New Delhi: India’s crude oil imports are slipping this year amid stagnant demand at home and abroad, a sign that the world’s third-largest consumer and importer may no longer be the reliable demand growth driver global markets count on.
Oil imports fell 0.6% YoY during April-July and product imports 1.5%. The slide deepened in July with crude imports declining 4.3% and products’ falling 12.7%. Exports offered little cushion with product shipments down 0.2% in July and up 0.02% over four months. In volume terms, product exports equal about a fifth of India’s combined crude and product imports. Weak imports mirror flagging demand.
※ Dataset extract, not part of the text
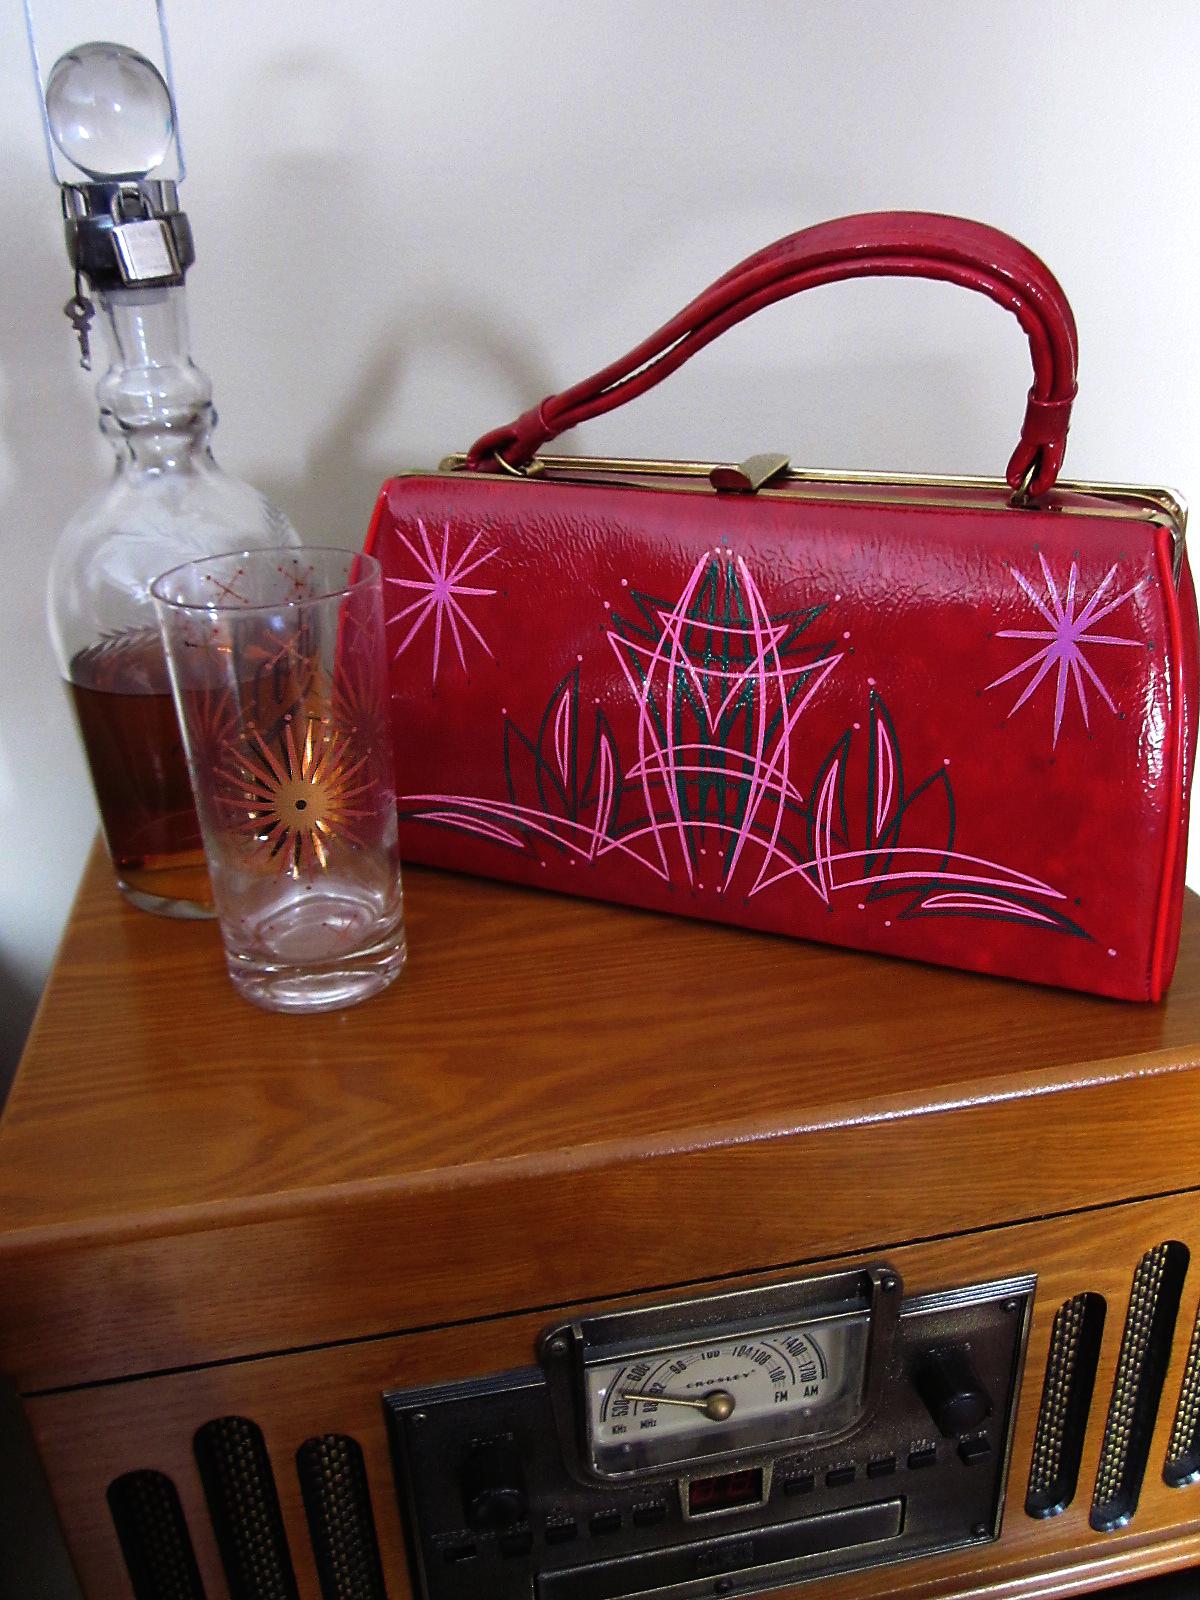 grease and grace, gallery, art for sale, artist, art online, art sites, handbags, leather handbags, bakelite handbags, acrylic handbags, purse, leather bags, leather purses, patent leather purses, vintage handbag, ladies handbag, handbags on sale, vintage purses, designer purses, vintage style handbags, vintage handbags for sale, vintage looking handbags, handbag vintage, vintage clutch, evening clutches, patent leather clutch, large clutch bags, vintage purses, vintage box purse, vintage purses online, vintage bags and purses, vintage purses and handbags, retro handbags, retro bags, retro purses, retro leather bags, retro wallet, black bag, women's black bag, bags for sale, bags on sale, unique purses, unique leather purses, unique purses for sale, navy clutch bag, white clutch, handbags online, handbags etsy, red clutch, evening purse, evening clutch purse, black evening purse, 1950s purse, 1950s handbag, 1960s purse, 1960s handbag, 1940s purse, 1940s handbag, rockabilly, vintage, purse, fashion, style, burlesque, retro, 60s, vinyl, 50s, fifties, 1960s, 1950s, handbag, purses, pocketbook, pinstripe, pin striped, pin-stripe, pin-striper,
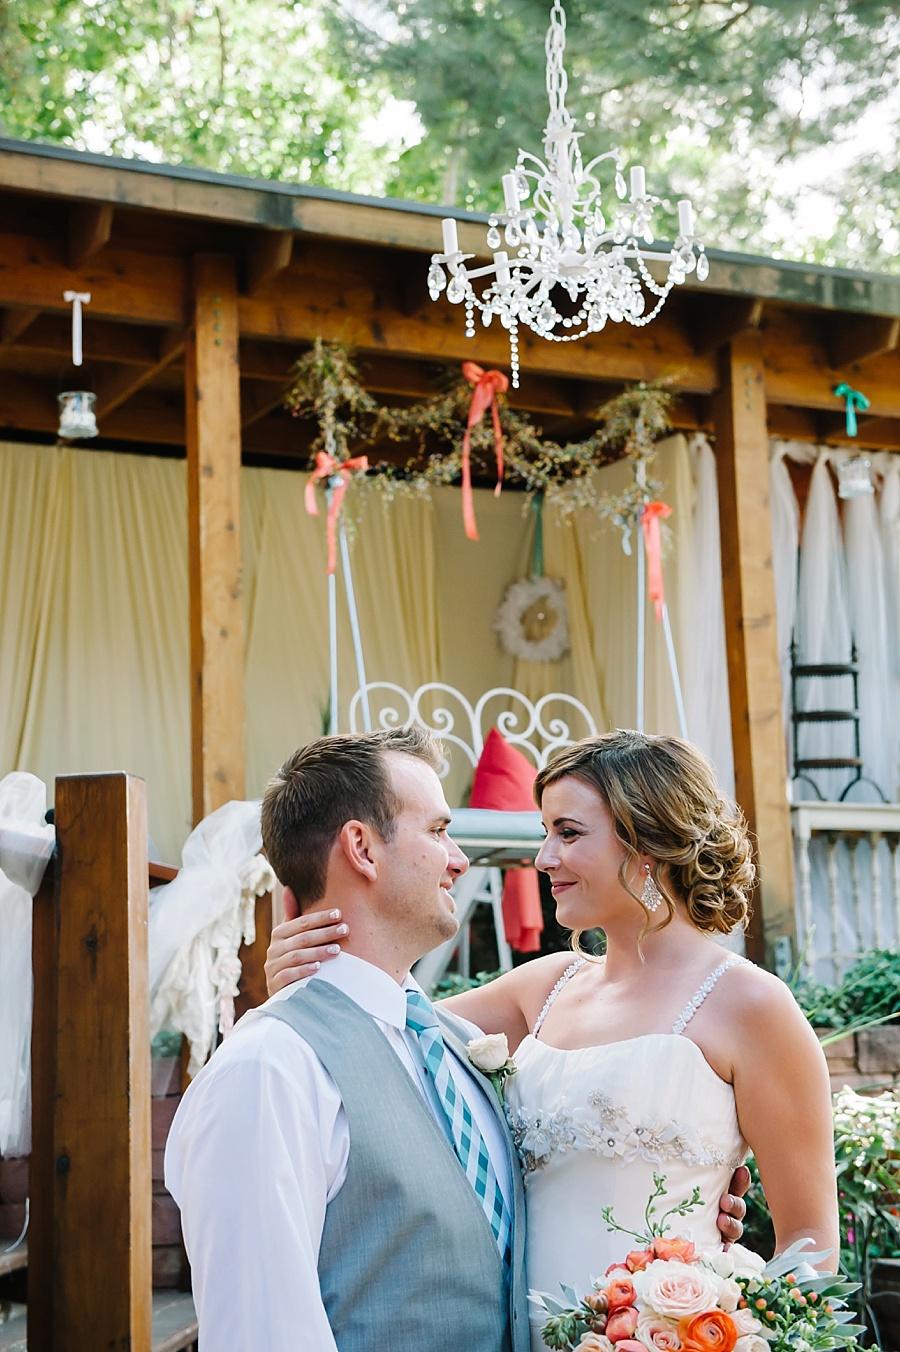 SLC Wedding Photographer Ali Sumsion 1098

Domestic fuel use contracted 4.2% in July and 0.5% in April-July, dragged by lower consumption of fuel oil, naphtha and pet coke, though petrol, diesel and LPG posted growth.
Bitumen and lubricant demand turned positive in July after shrinking in the previous quarter.
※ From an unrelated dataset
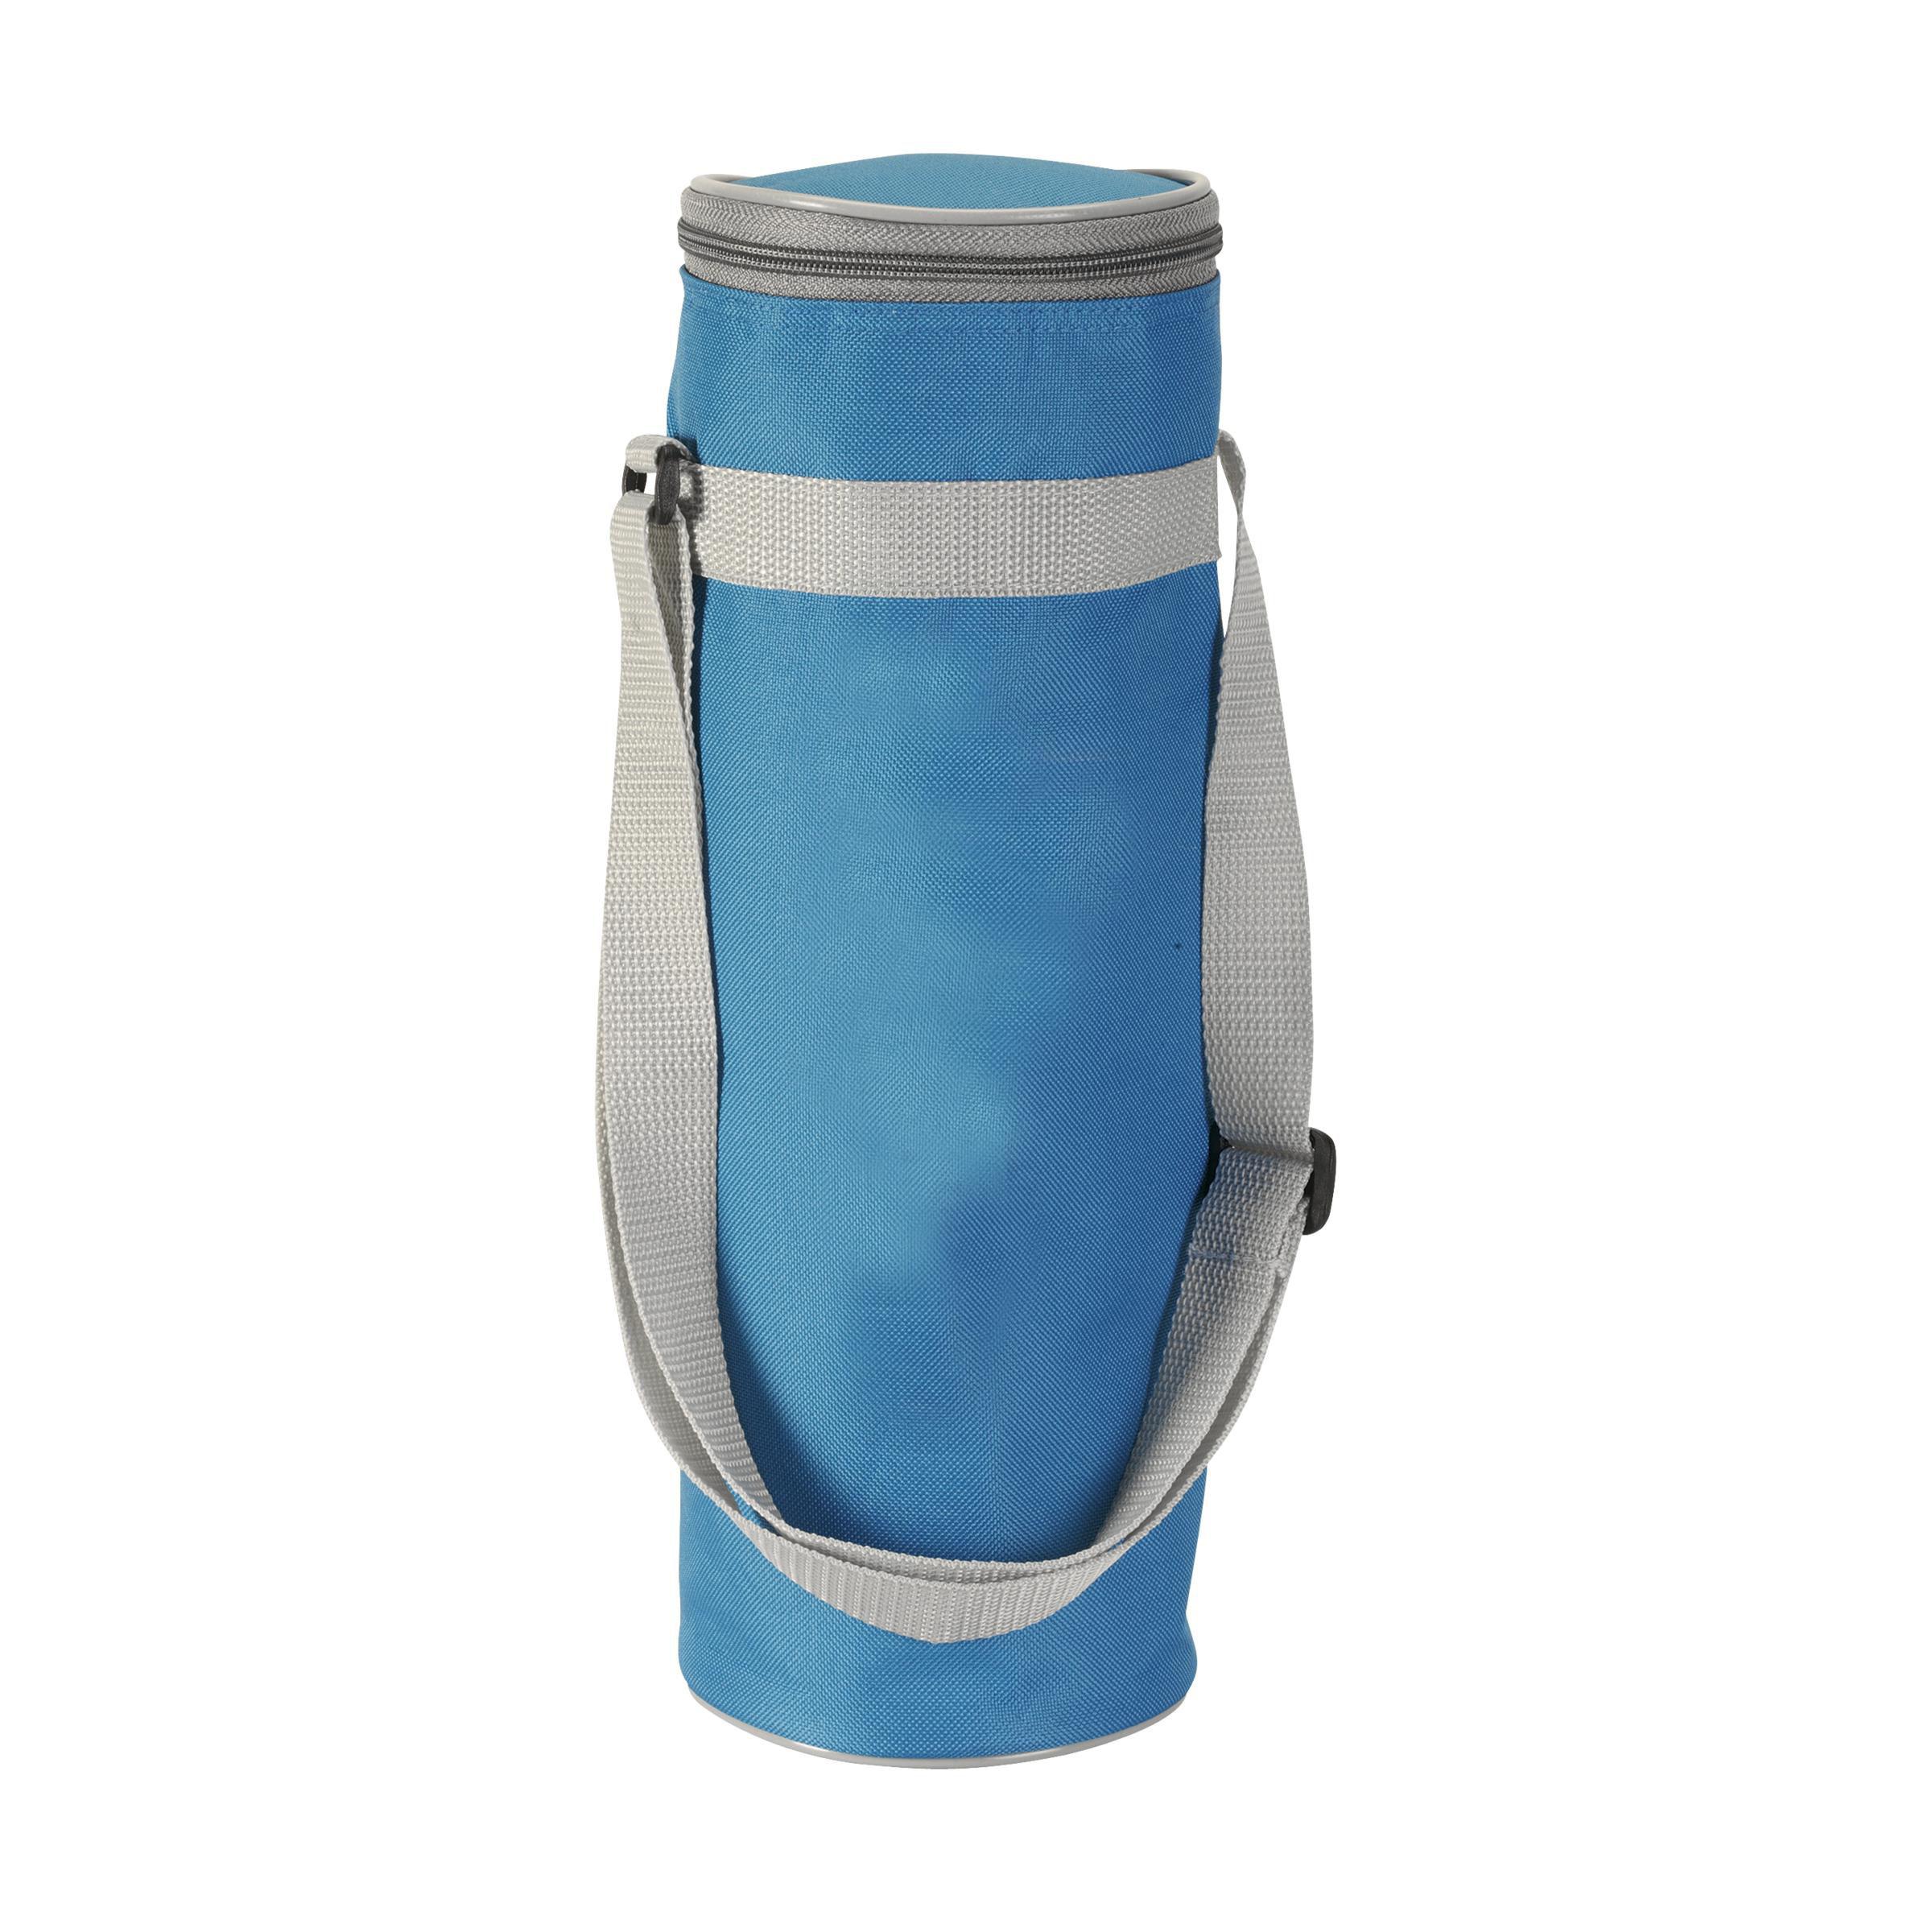 Bottle Cooler Bag Picnic Festival Outdoor Drinks Carrier

From April to July, petrol demand rose 6.8%, LPG 7.5%, and diesel-India’s top fuel-only 2.6%. Jet fuel growth slowed to 2.3% in the four-month period while slipping 2.3% in July.
Brent averaged $67 a barrel in April-July, a sharp decline from $83 a year earlier. Lower prices and volumes reduced India’s crude import bill 17.5% to $40.4 billion in April-July. Product imports cost $7.6 billion, a 4% decline, while export earnings slid 16% to $12.3 billion.
India’s slowdown adds to global oil market worries amid weak Chinese demand and higher supplies. The US EIA sees Brent averaging $58 in Q4 2025 and $50 in early 2026. For now, uncertainties from US President Donald Trump’s tariffs and proposed penalty on India for Russian oil have lent some support to prices, but with OPEC output rising, the floor could give way.